■ **TASK ITEM**
Would you give the listing again exactly as written, minus its pictures?

■ **INFORMATION SHOWN**

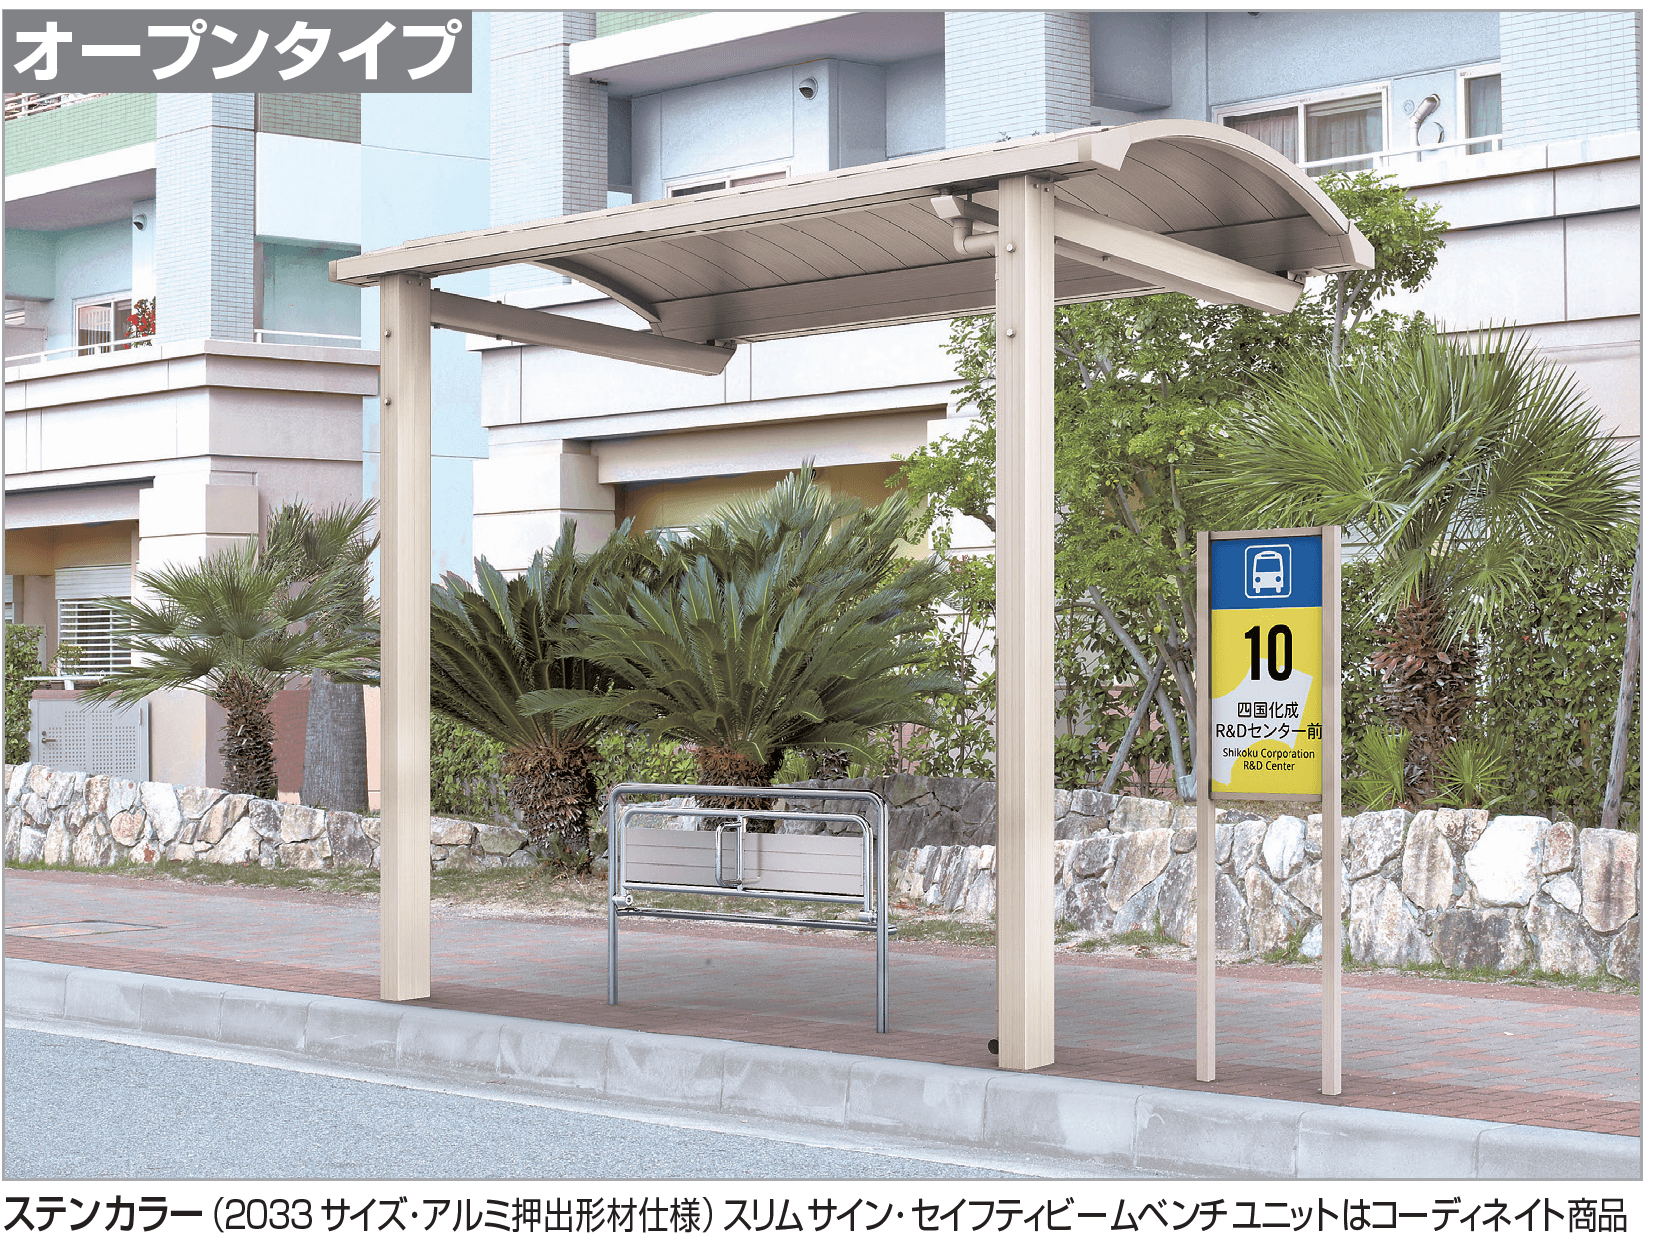 ソリッドルーフA バス停タイプ(オープンタイプ)【2023年版】1
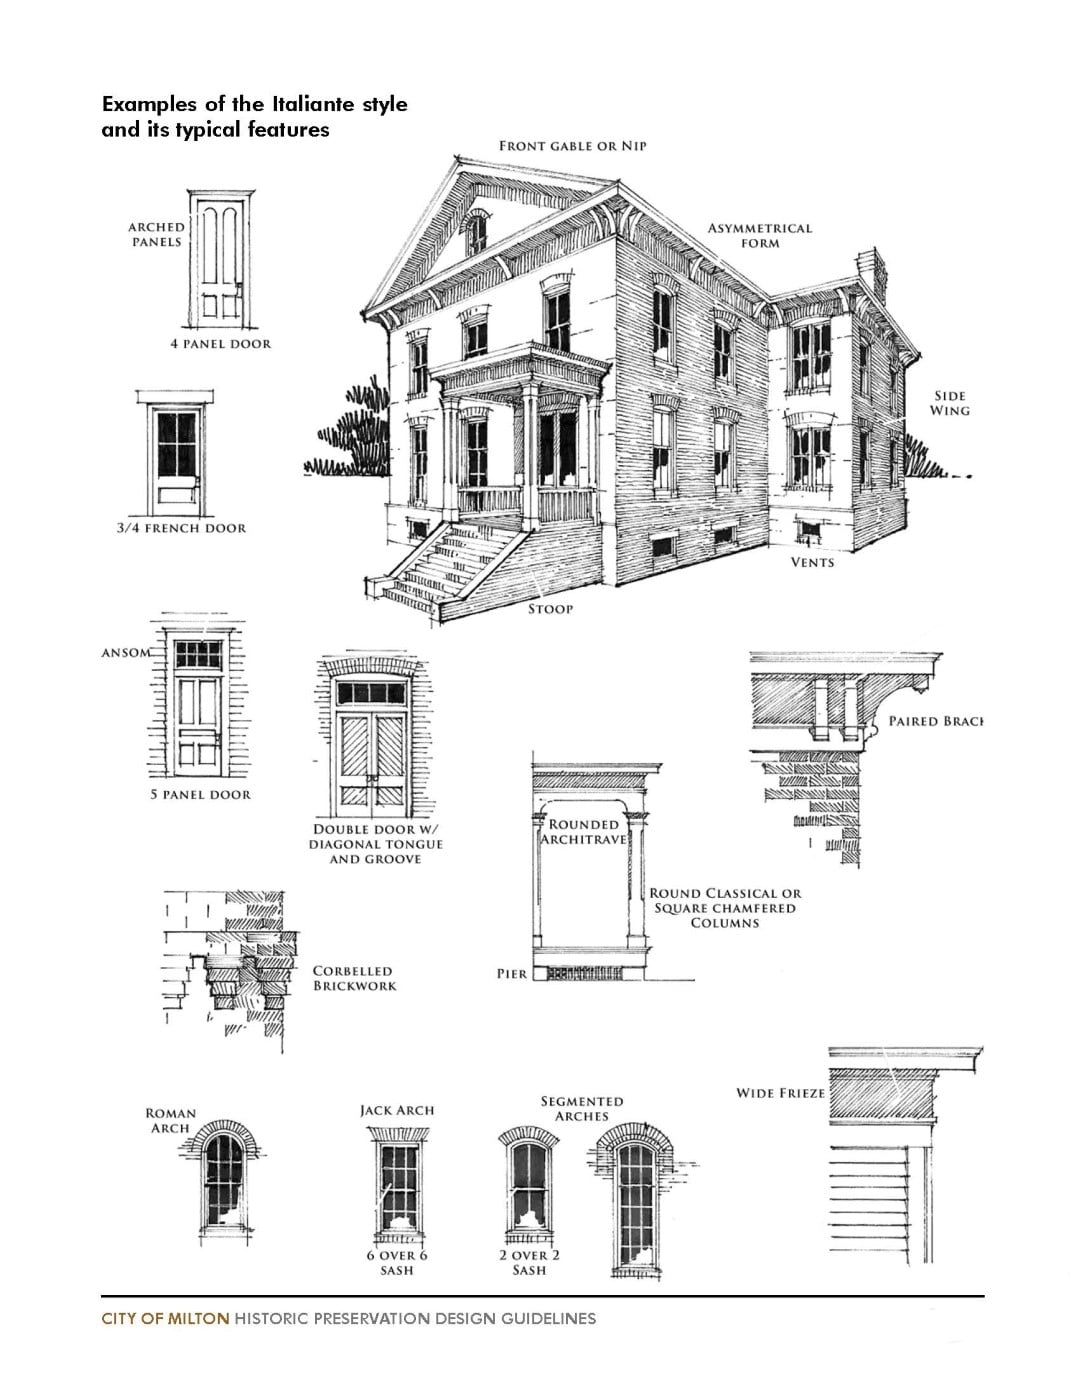 Historic Preservation Design Guidelines
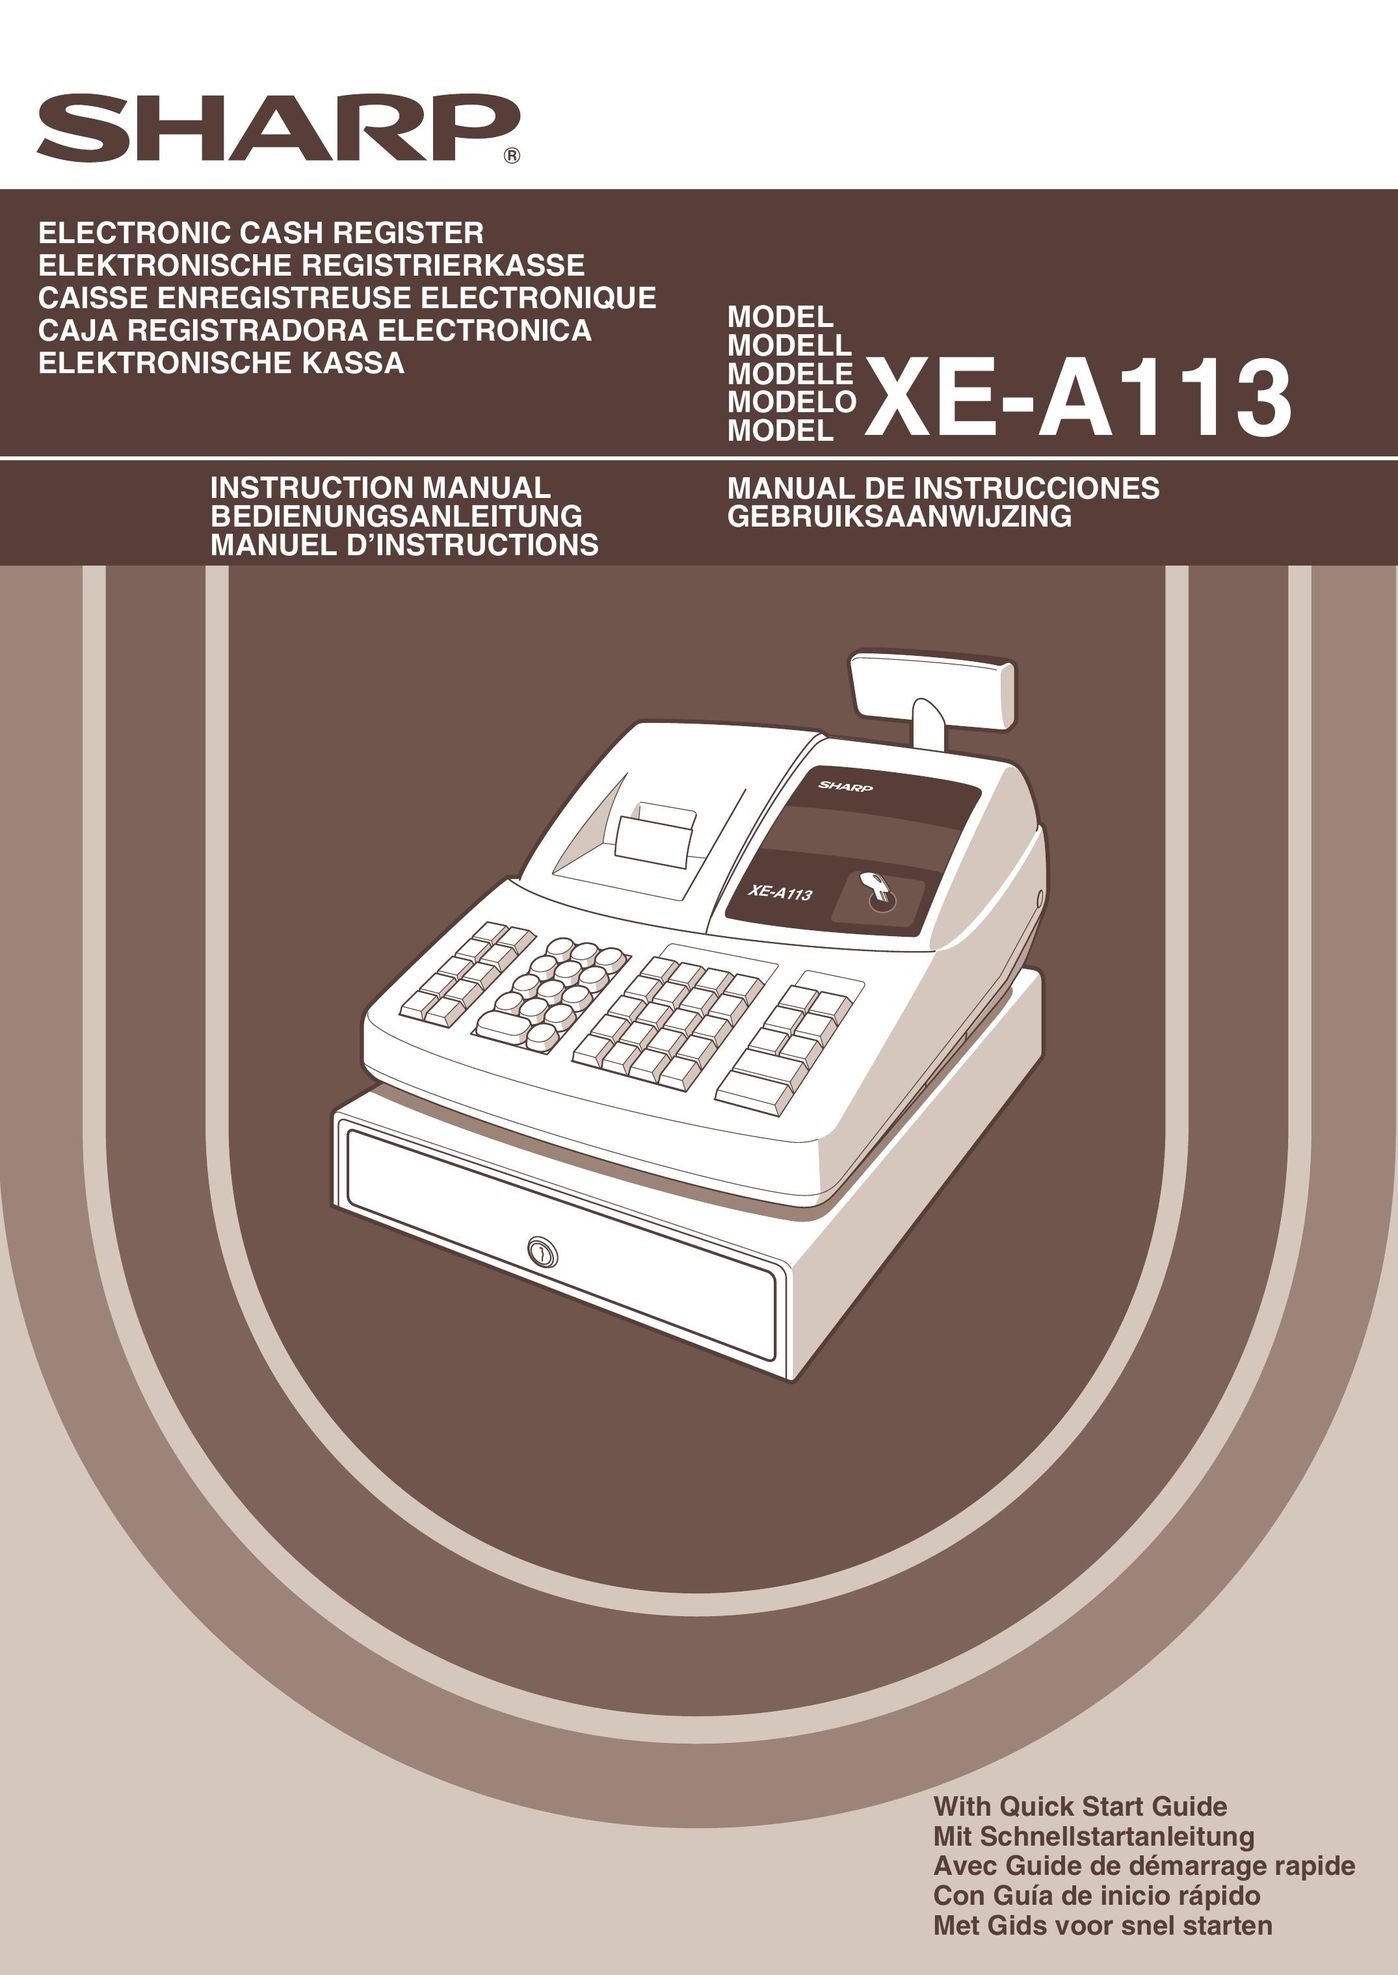 Sharp XE-A113 Cash Register User Manual
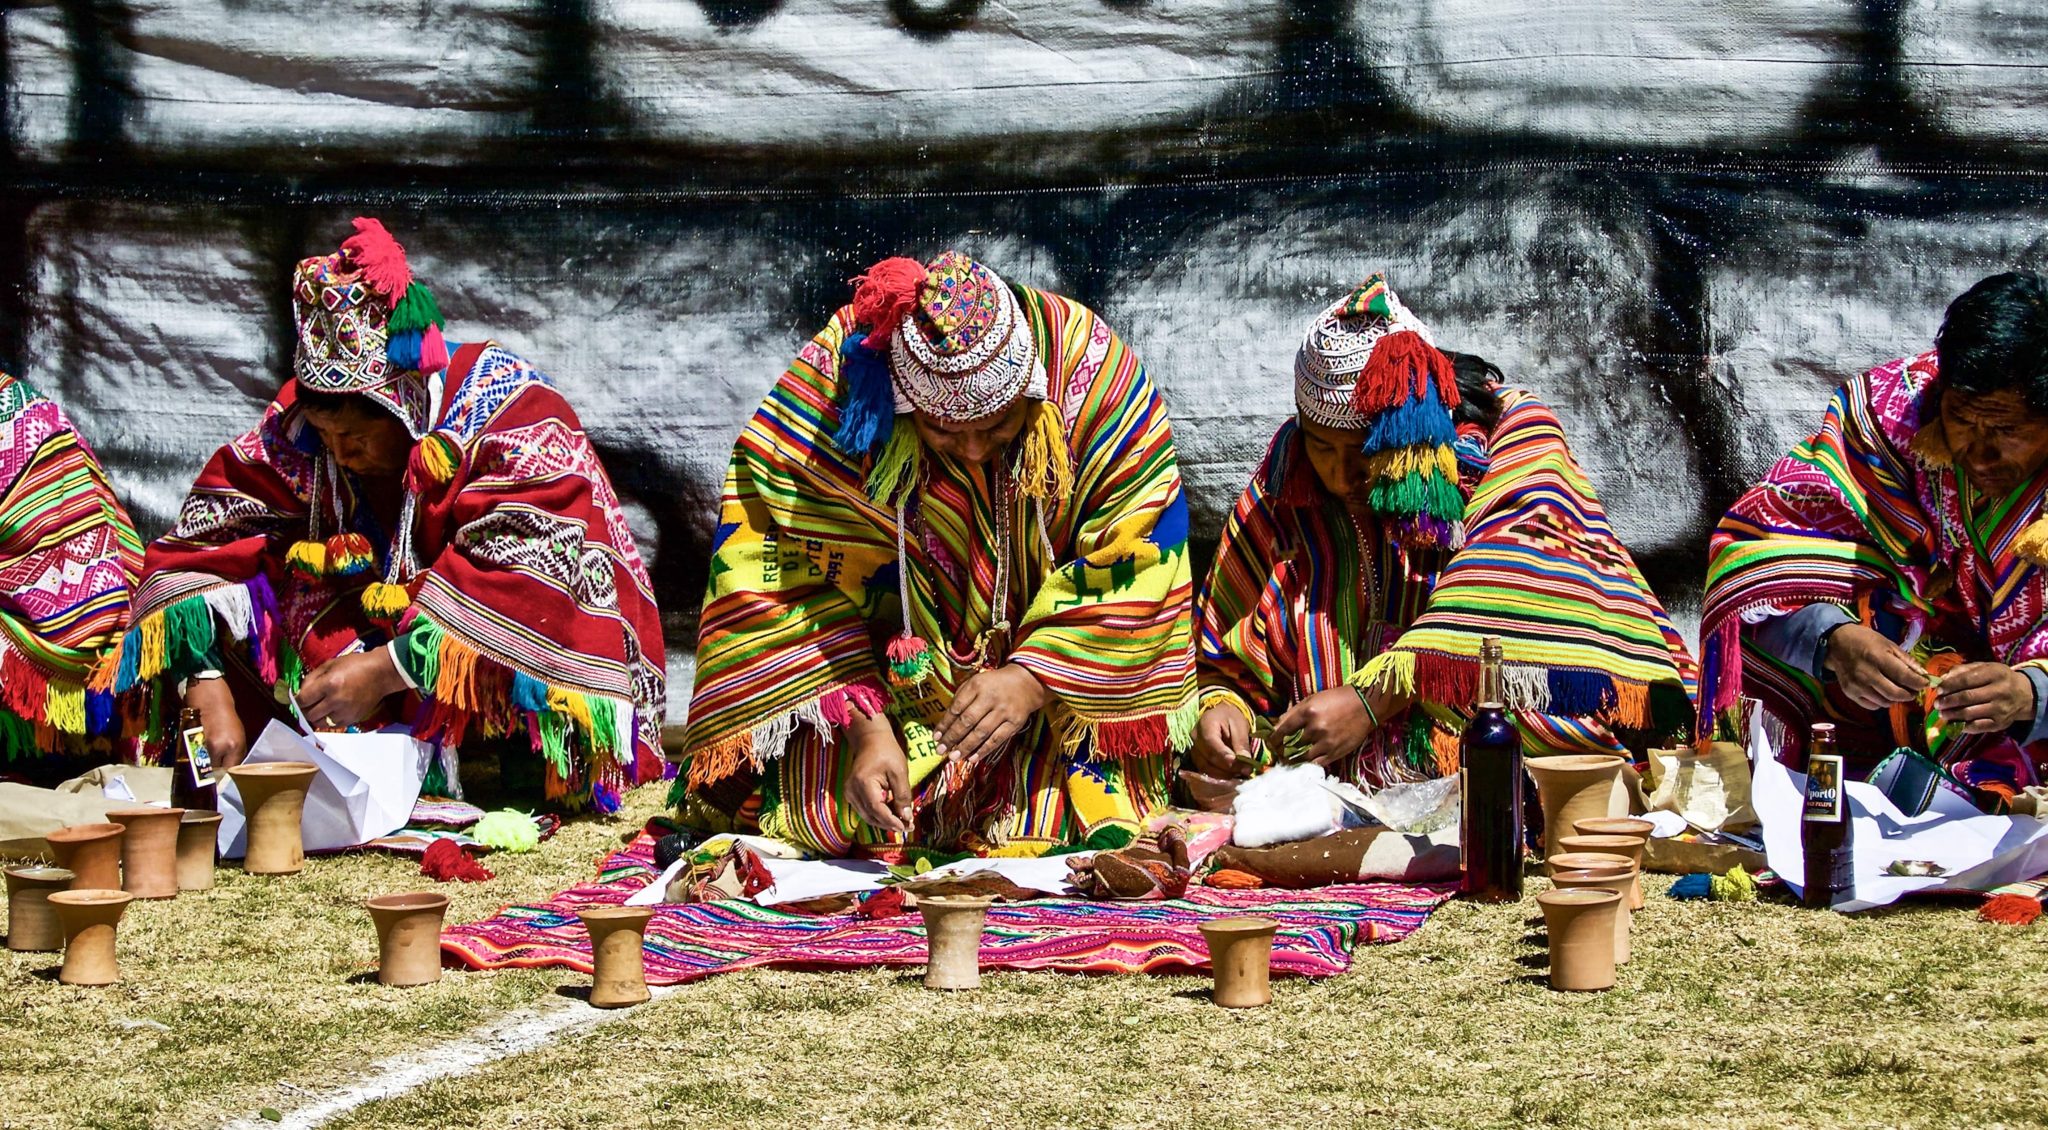 Tratamiento de las enfermedades psicomaticas en la cultura andina - Chamanismo

■ **OUTPUT BELOW**
 ソリッドルーフA バス停タイプ(オープンタイプ)【2023年版】1
 Historic Preservation Design Guidelines
 Sharp XE-A113 Cash Register User Manual
 Tratamiento de las enfermedades psicomaticas en la cultura andina - Chamanismo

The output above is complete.